The opposite effects may occur with mutant P/Q phenotypes lacking epilepsy. The study of mutations leading to spinocerebellar ataxia 6 (an expansion of a polyglutamine sequence encoded by CAG trinucleotide repeats in the C terminus region) and episodic ataxia 2 or familial hemiplegic migraine (scattered missense or nonsense mutations throughout the channel) report increased calcium entry through mutant P/Q channels (6,7). Similarly, the threshold for cortical spreading depression is higher in mice with mutations that decrease calcium entry and lower in mutants with augmented calcium entry (8,9).
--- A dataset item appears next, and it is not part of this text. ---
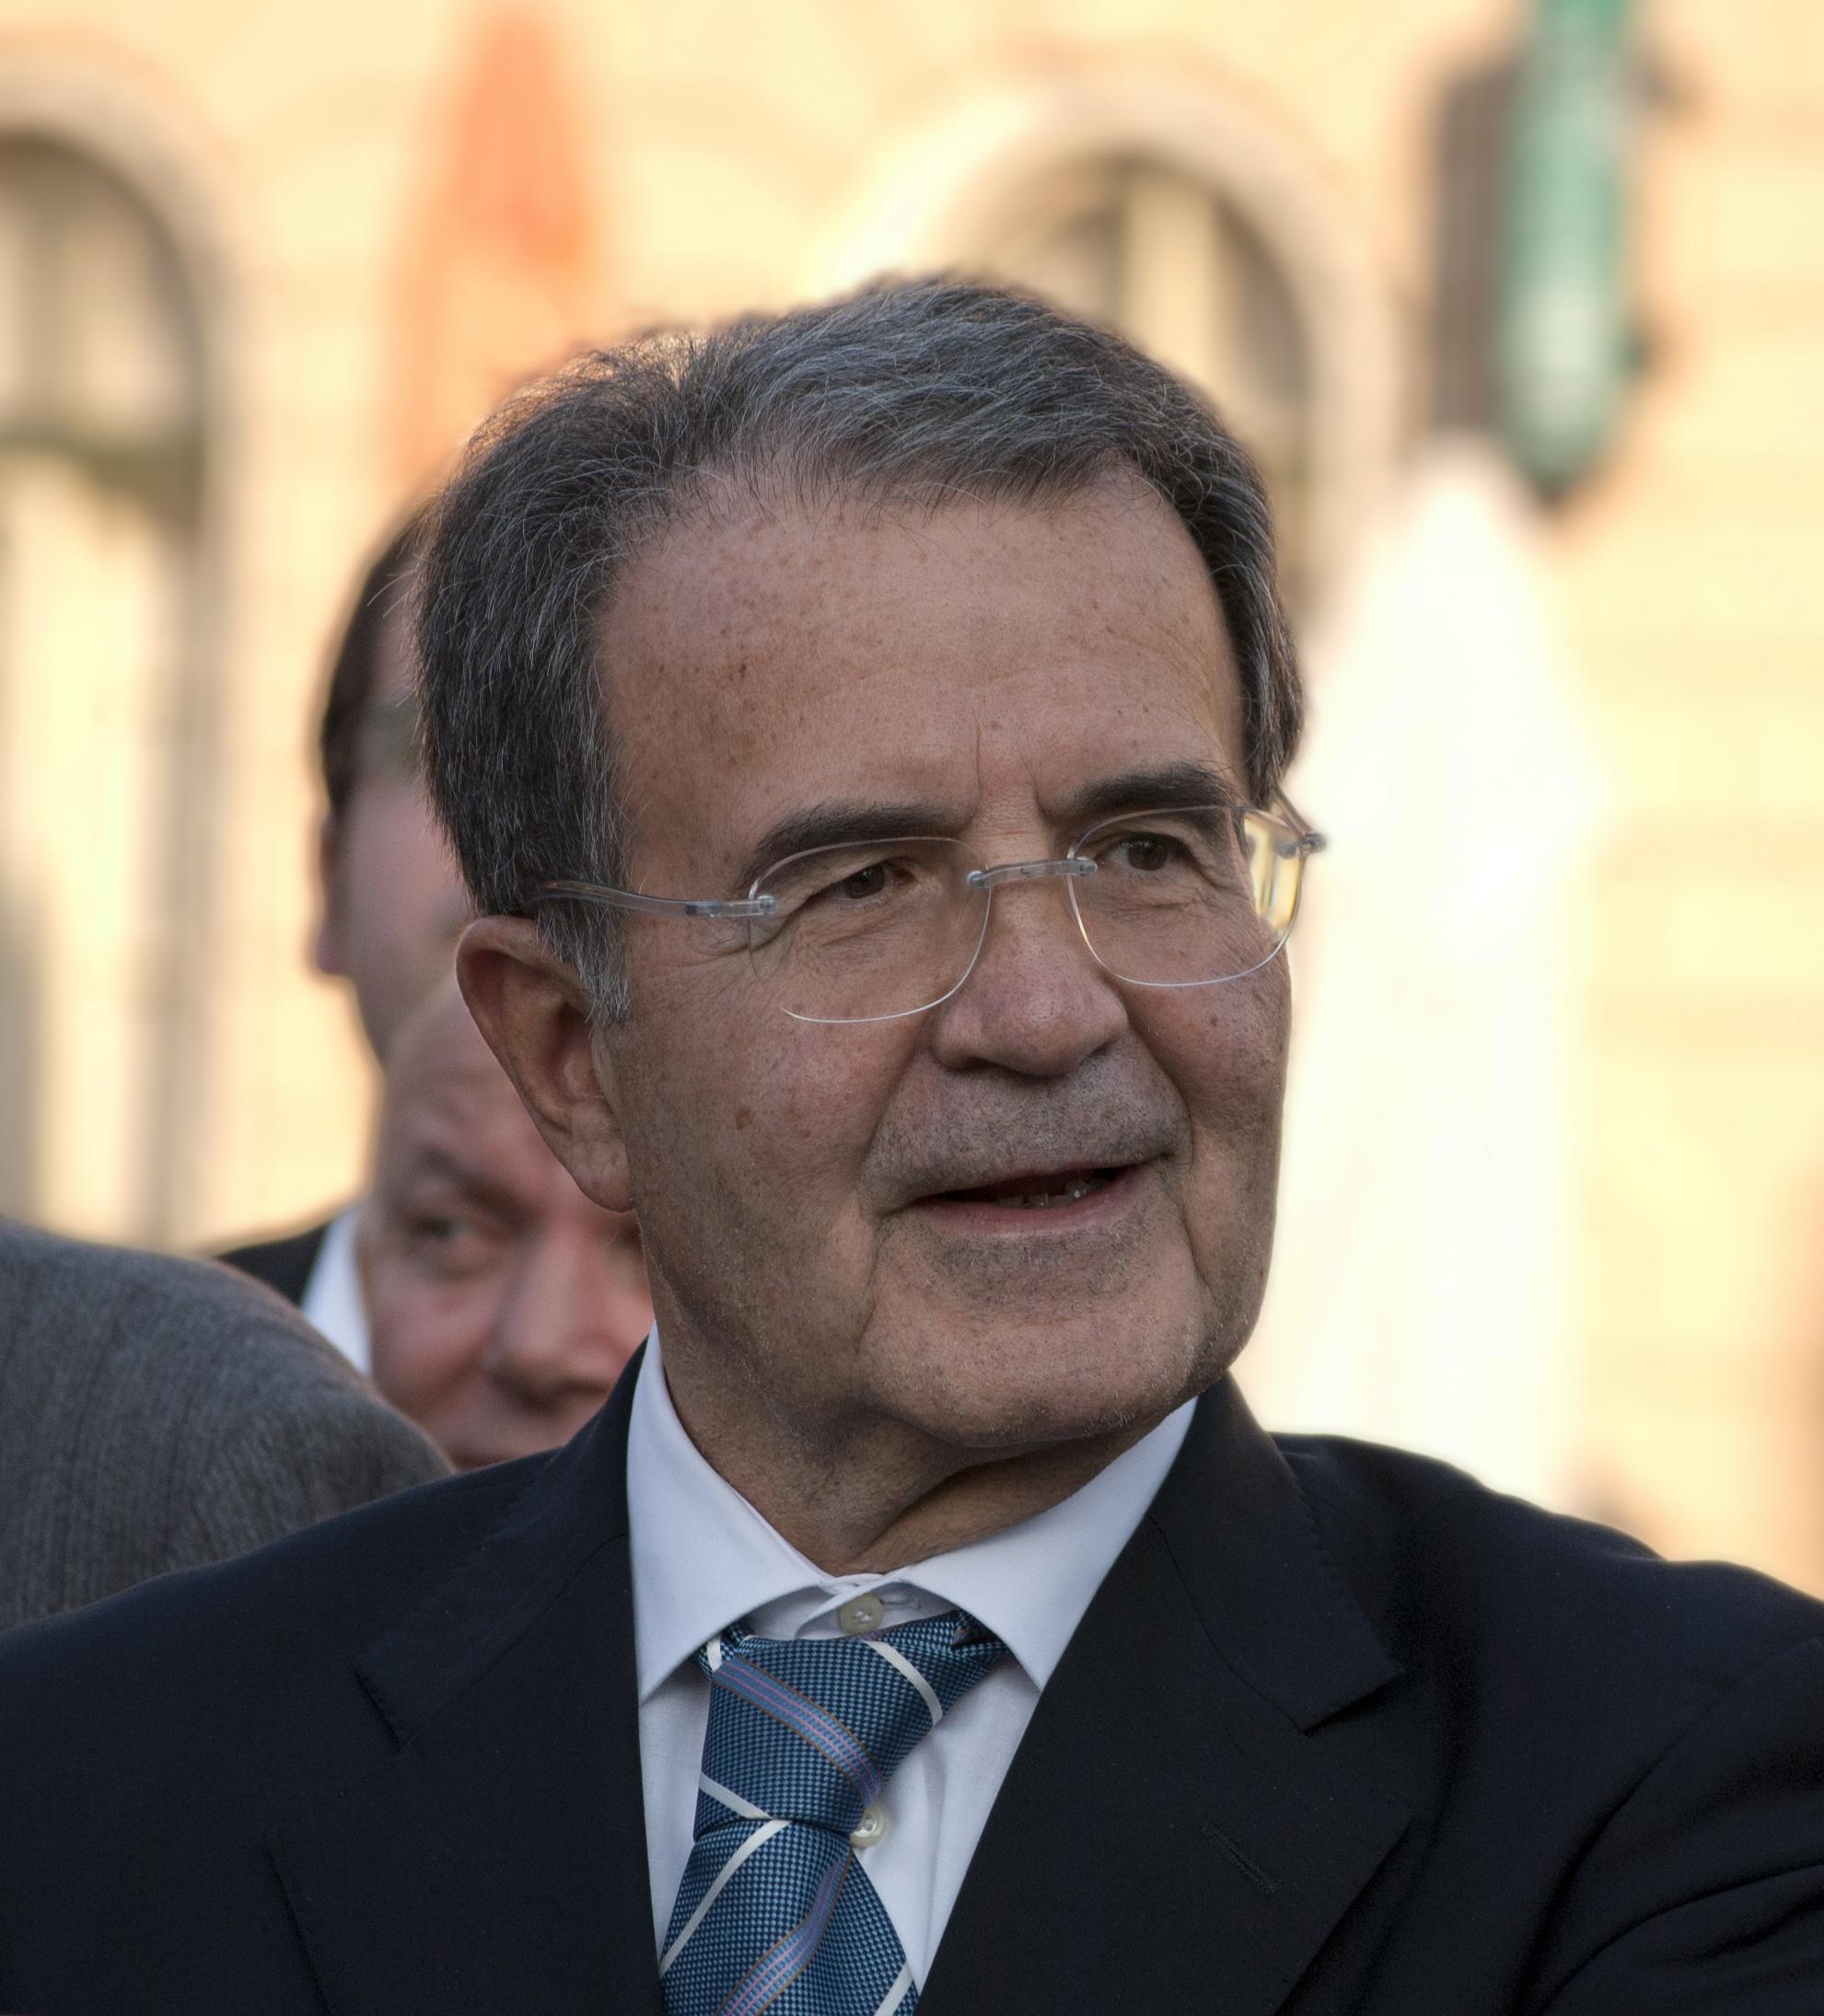 Romano Prodi Net Worth
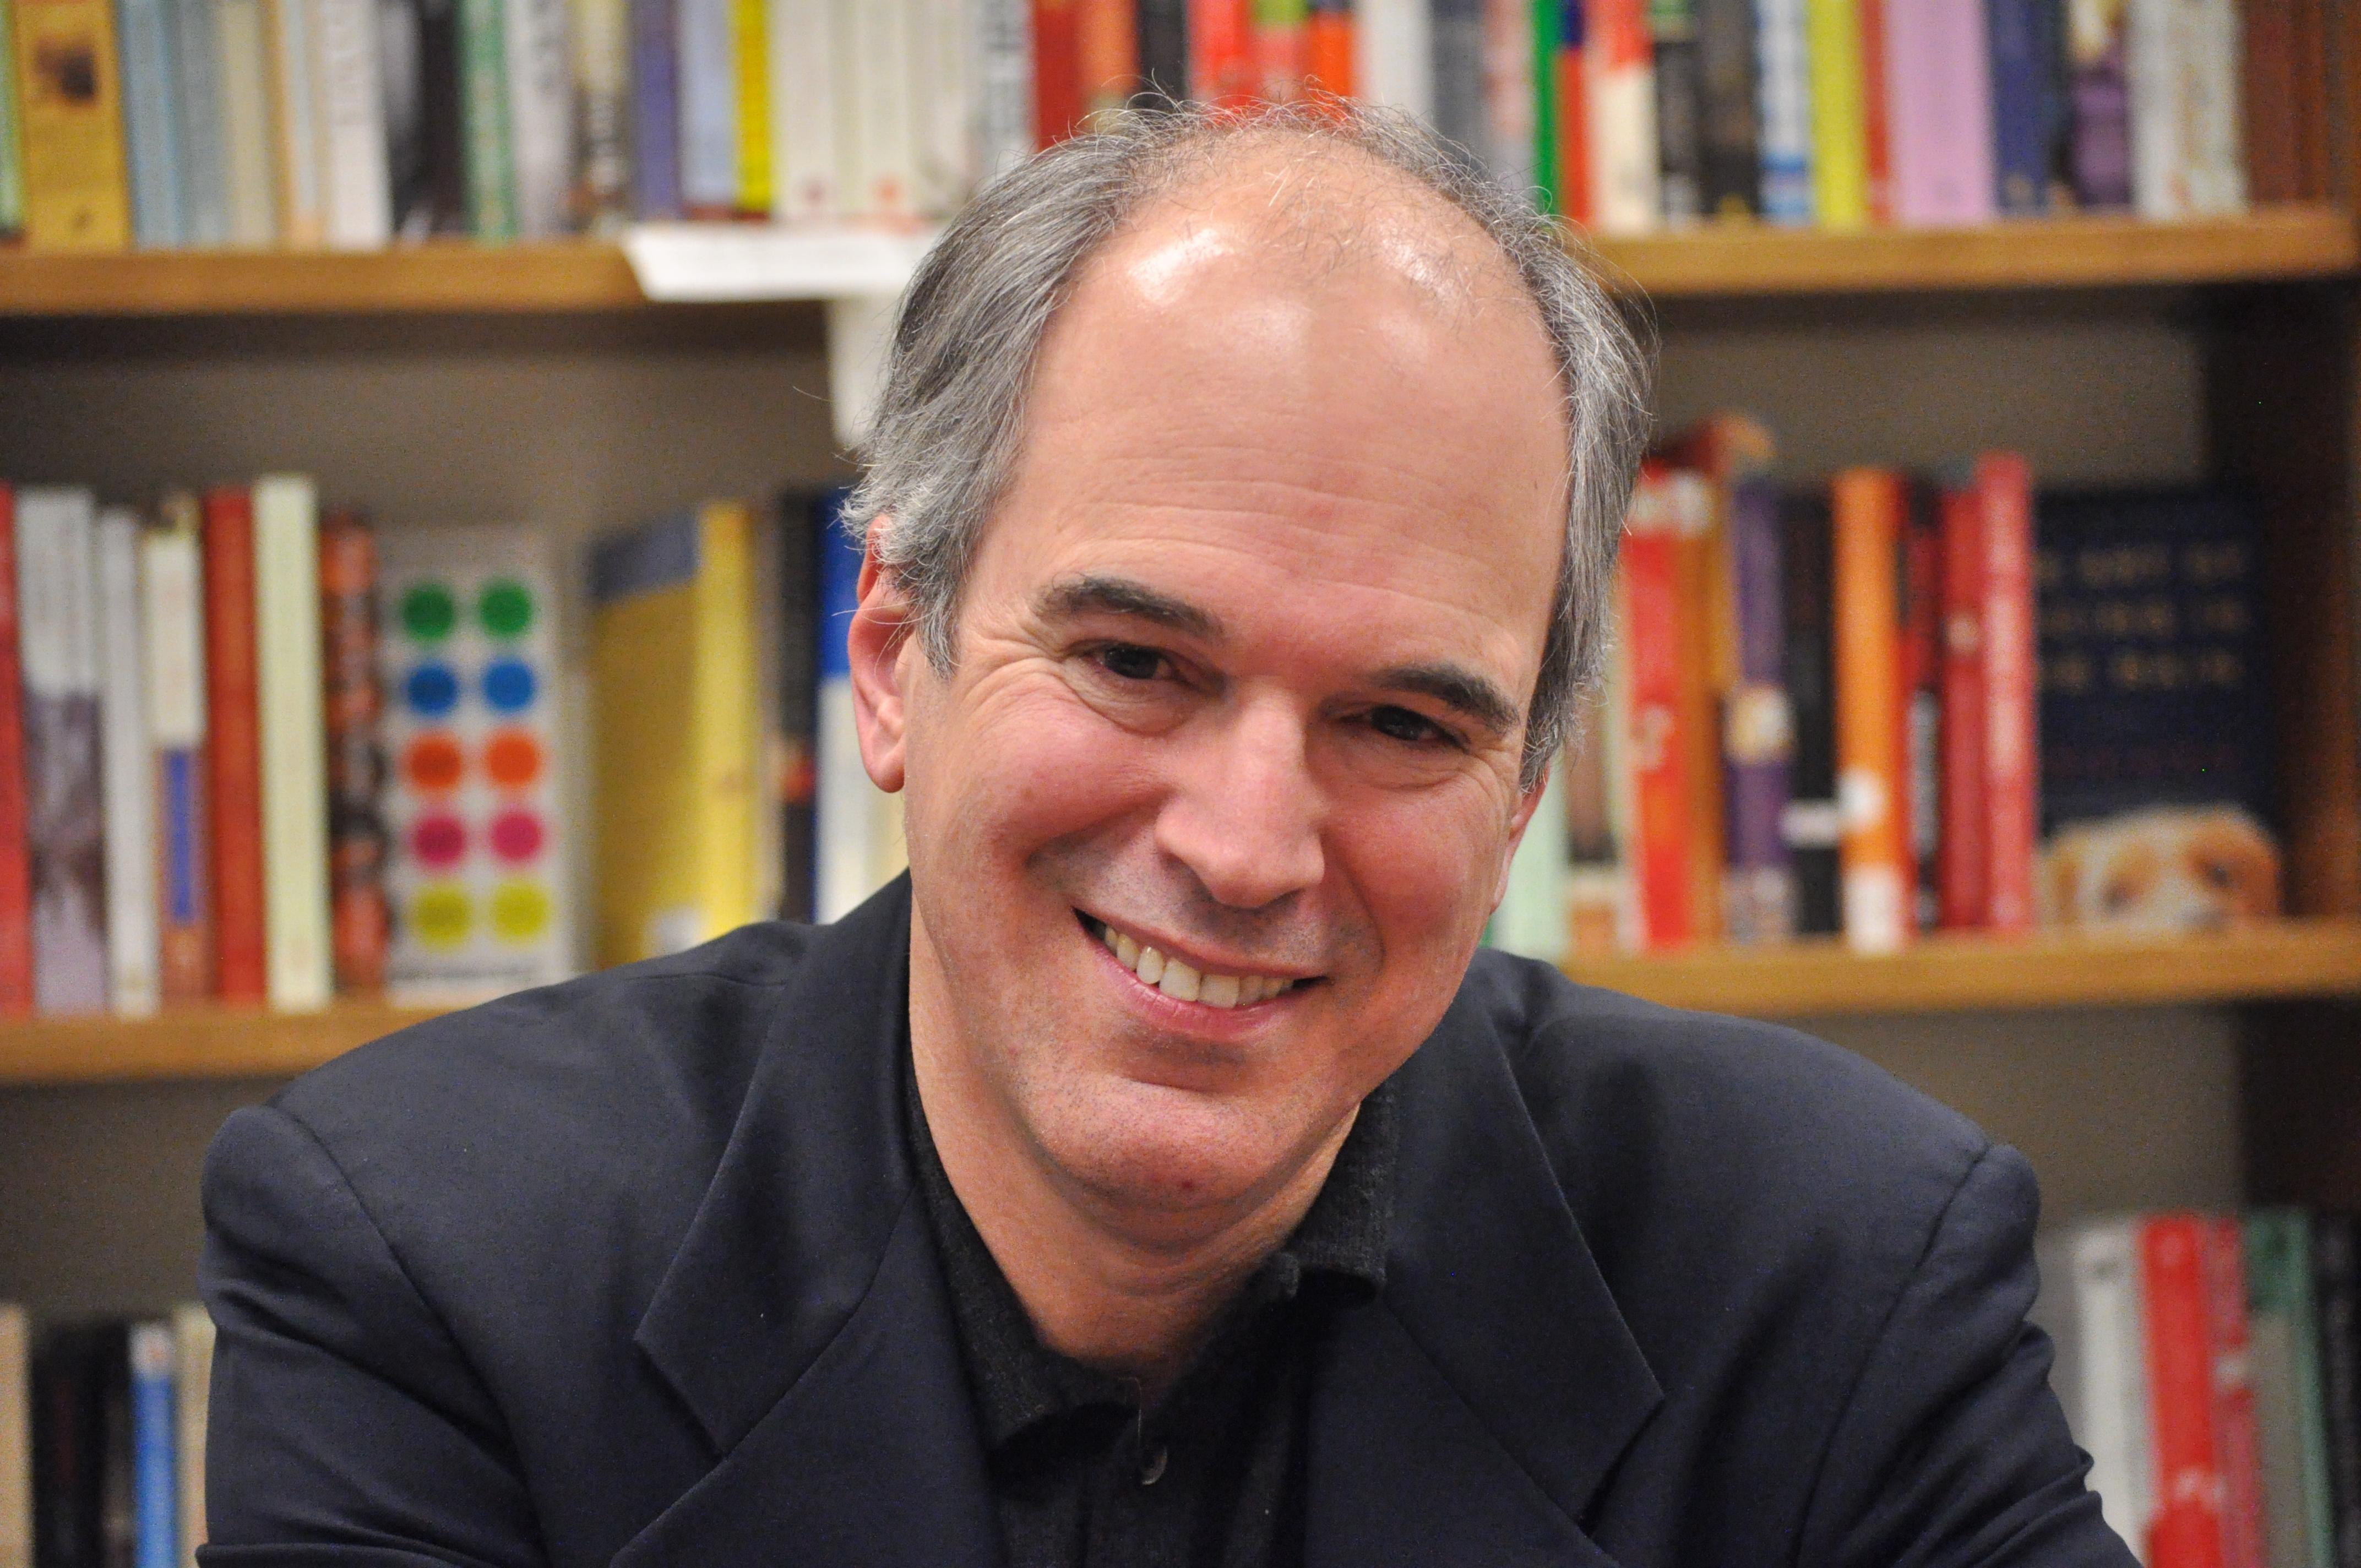 Peter Lerangis

Thus, the primary effect of the mutation on the magnitude of calcium entry may have some predictive value in determining whether an inherited calcium channelopathy leads to absence epilepsy, but once again, this hypothesis provides no simple explanation for the spike–wave phenotype. P/Q channels are distributed throughout the entire CNS; why should the abnormal oscillations preferentially arise within the thalamocortical system? One possibility is that downstream cellular plasticity in specific neurons might further define the neurologic phenotype. Indeed, a secondary elevation of thalamic T-type calcium currents in calcium channel mouse mutants with impaired transmitter release favors the spike–wave phenotype (10). In other circuits, downstream plasticity involving L-type calcium channels, enhanced G-protein modulation, and synaptic pathology may lead to cerebellar deficits. The cell-type–specific rescue mechanisms that allow most synapses to escape involvement and the mysterious factors that determine whether the channel mutation leads to an episodic signaling deficit or progressive cellular atrophy are still largely unknown. Clearly a mutant calcium channel may trigger a broad range of biologic cascades that differ according to brain area, time of onset, activity, and of course, the coexpression of other genes. Finally, the appearance of the mutant syndrome must be evaluated against the constantly changing genetic background of human pedigrees. Interestingly, within some families, both spinocerebellar ataxia and familial hemiplegic migraine phenotypes may result from the same single missense mutation (11,12). Presumably, allelic variation at other genetic loci can influence the phenotypic expression of the mutation. Thanks to continuing discoveries in the genetics of human seizure disorders, P/Q-type calcium channel mutants are no longer orphans in the epilepsy clinic, but where and when will they surface next?